▸ PROVIDED DATA
+ + + + + + +

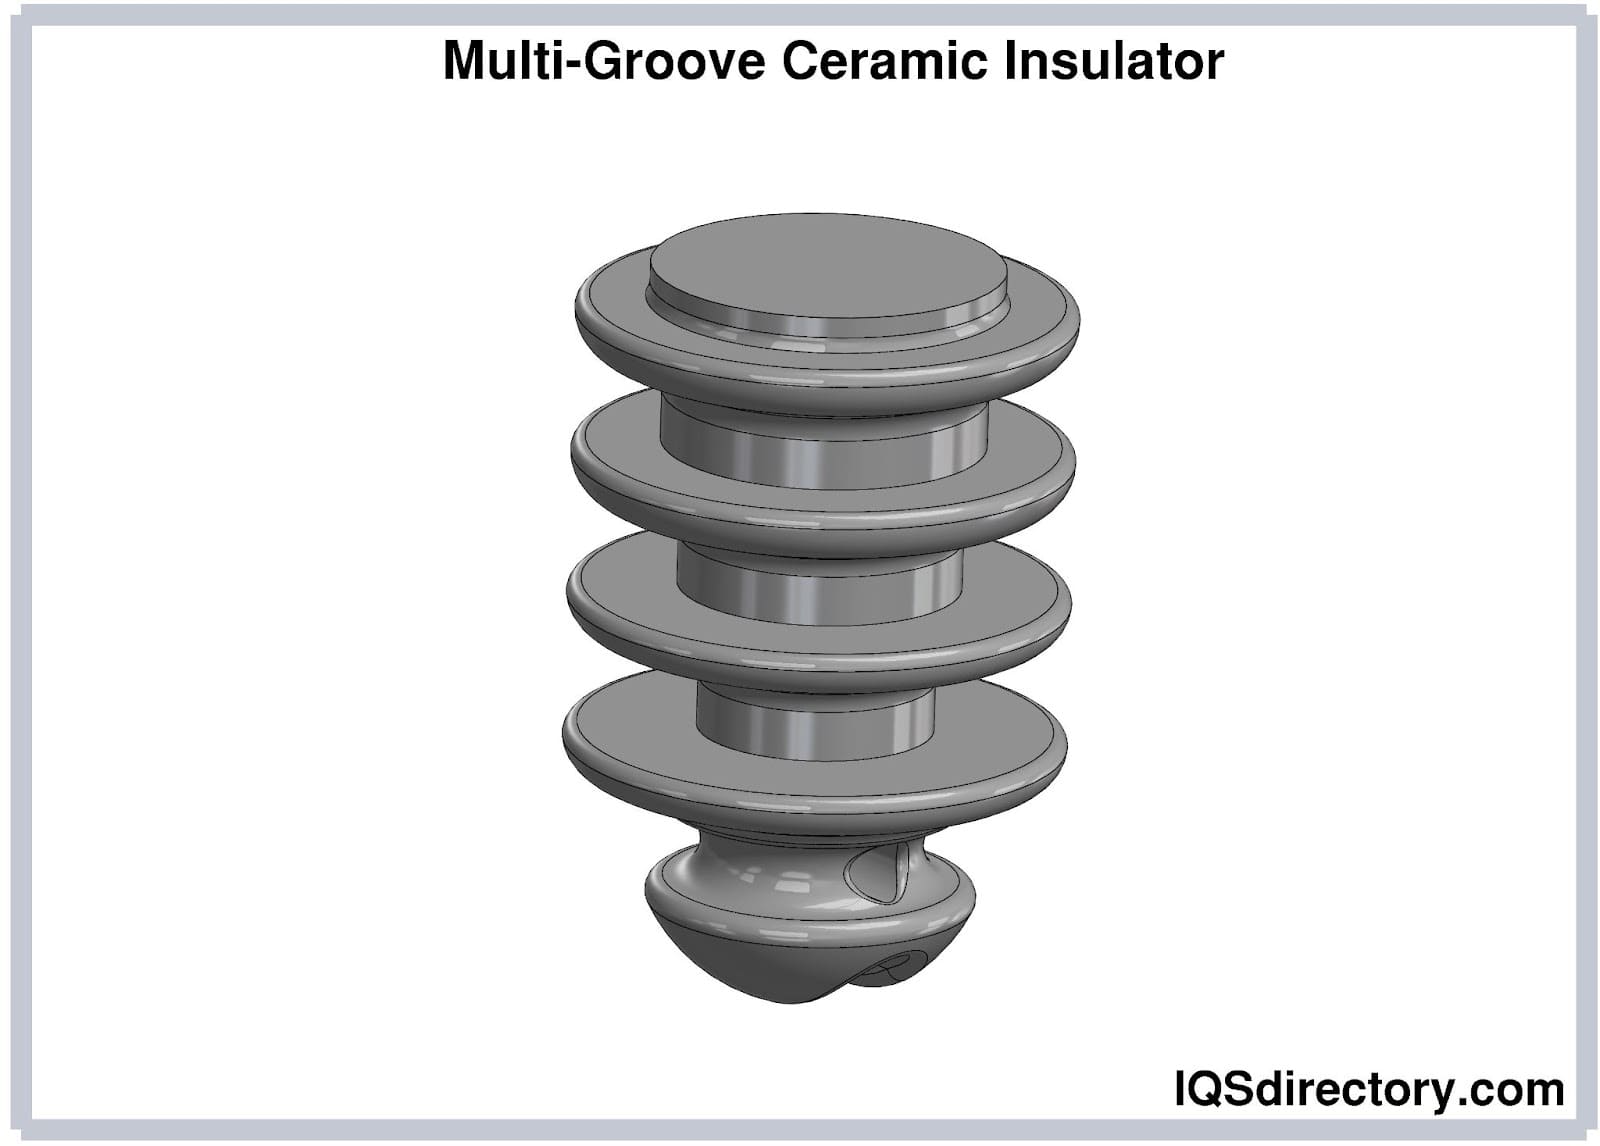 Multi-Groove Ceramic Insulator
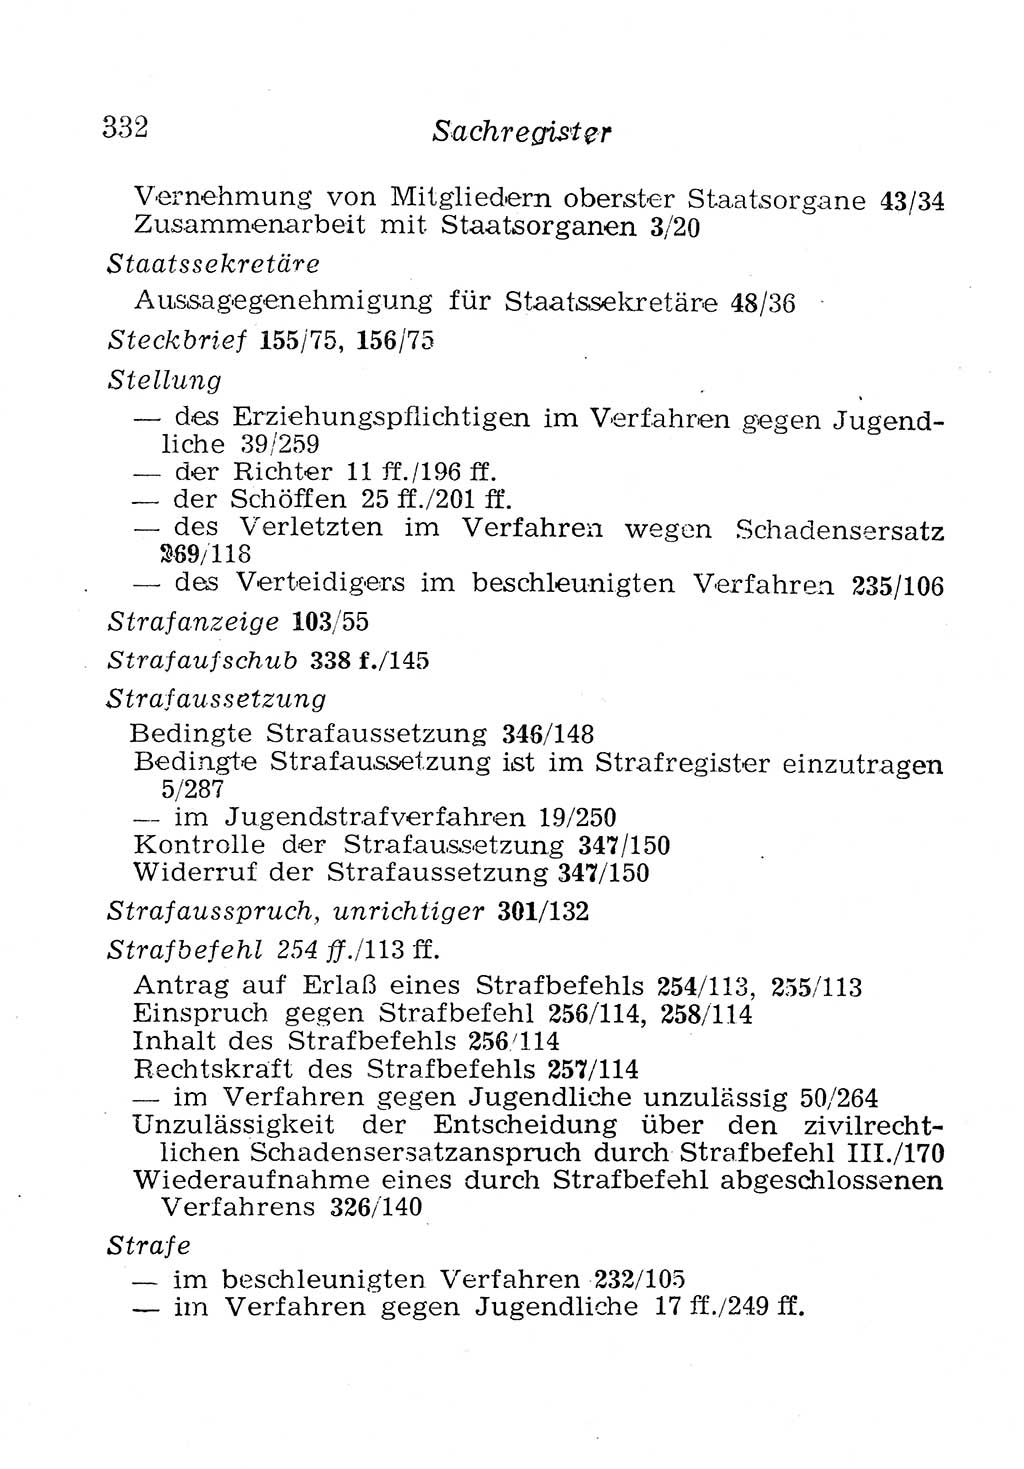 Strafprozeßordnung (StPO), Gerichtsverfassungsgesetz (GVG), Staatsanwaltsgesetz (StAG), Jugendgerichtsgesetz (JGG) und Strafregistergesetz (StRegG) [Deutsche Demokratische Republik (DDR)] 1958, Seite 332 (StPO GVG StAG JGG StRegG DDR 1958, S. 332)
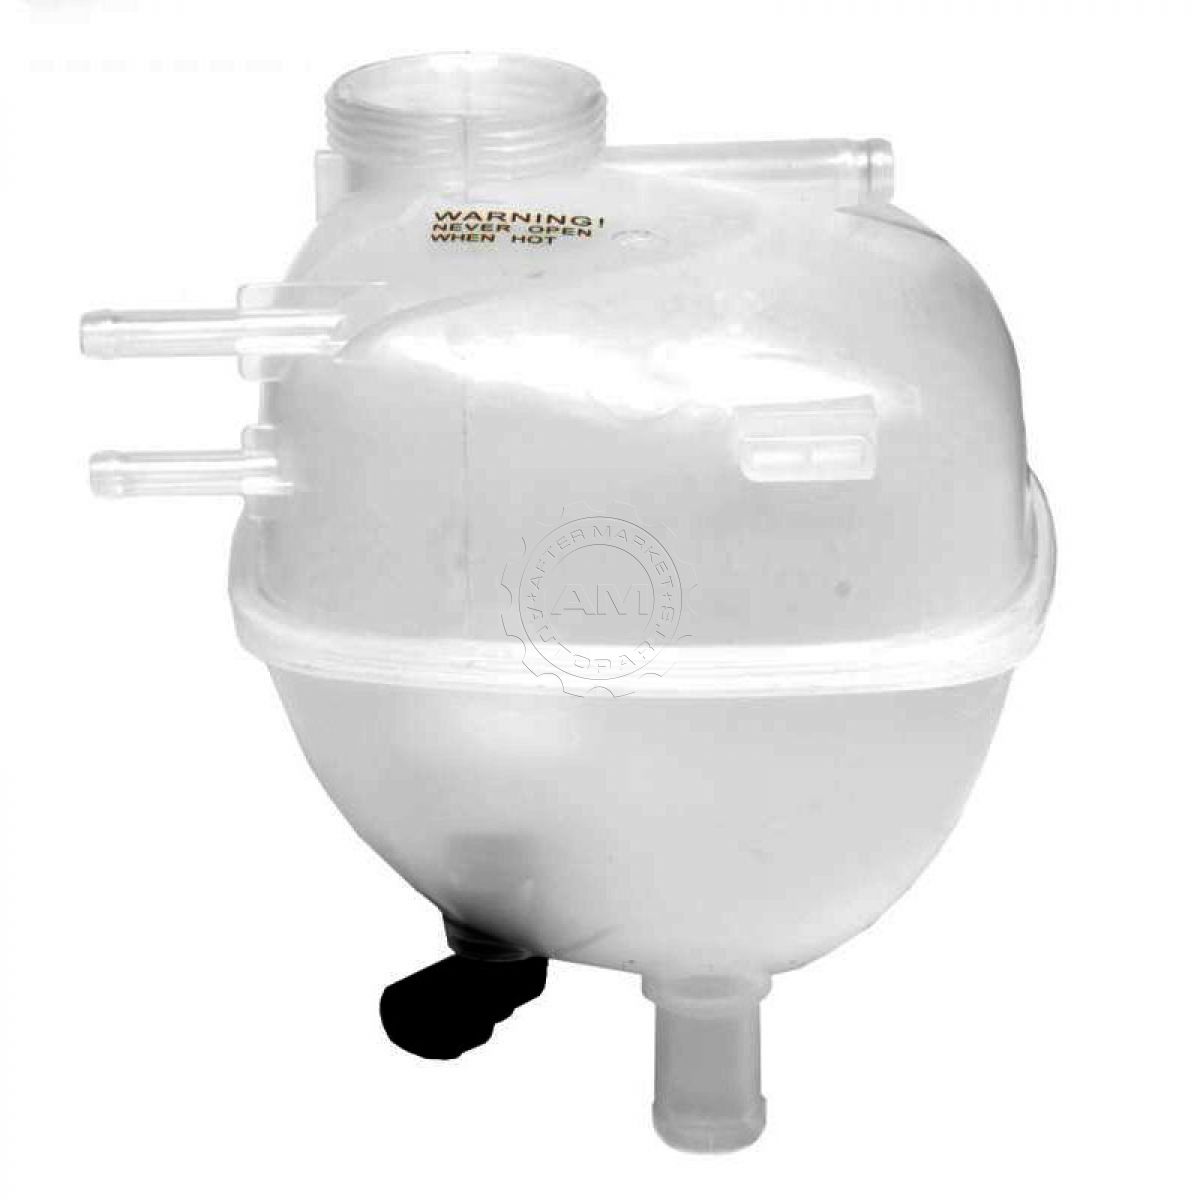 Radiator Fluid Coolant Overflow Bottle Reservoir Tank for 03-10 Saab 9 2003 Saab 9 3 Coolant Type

+ + + + + + +

▸ TASK DIRECTIONS
What you give back should be the full material above, retyped exactly, with every image removed.

▸ ANSWER TO THE EXERCISE
 Multi-Groove Ceramic Insulator
 Strafprozeßordnung (StPO), Gerichtsverfassungsgesetz (GVG), Staatsanwaltsgesetz (StAG), Jugendgerichtsgesetz (JGG) und Strafregistergesetz (StRegG) [Deutsche Demokratische Republik (DDR)] 1958, Seite 332 (StPO GVG StAG JGG StRegG DDR 1958, S. 332)
 Radiator Fluid Coolant Overflow Bottle Reservoir Tank for 03-10 Saab 9 2003 Saab 9 3 Coolant Type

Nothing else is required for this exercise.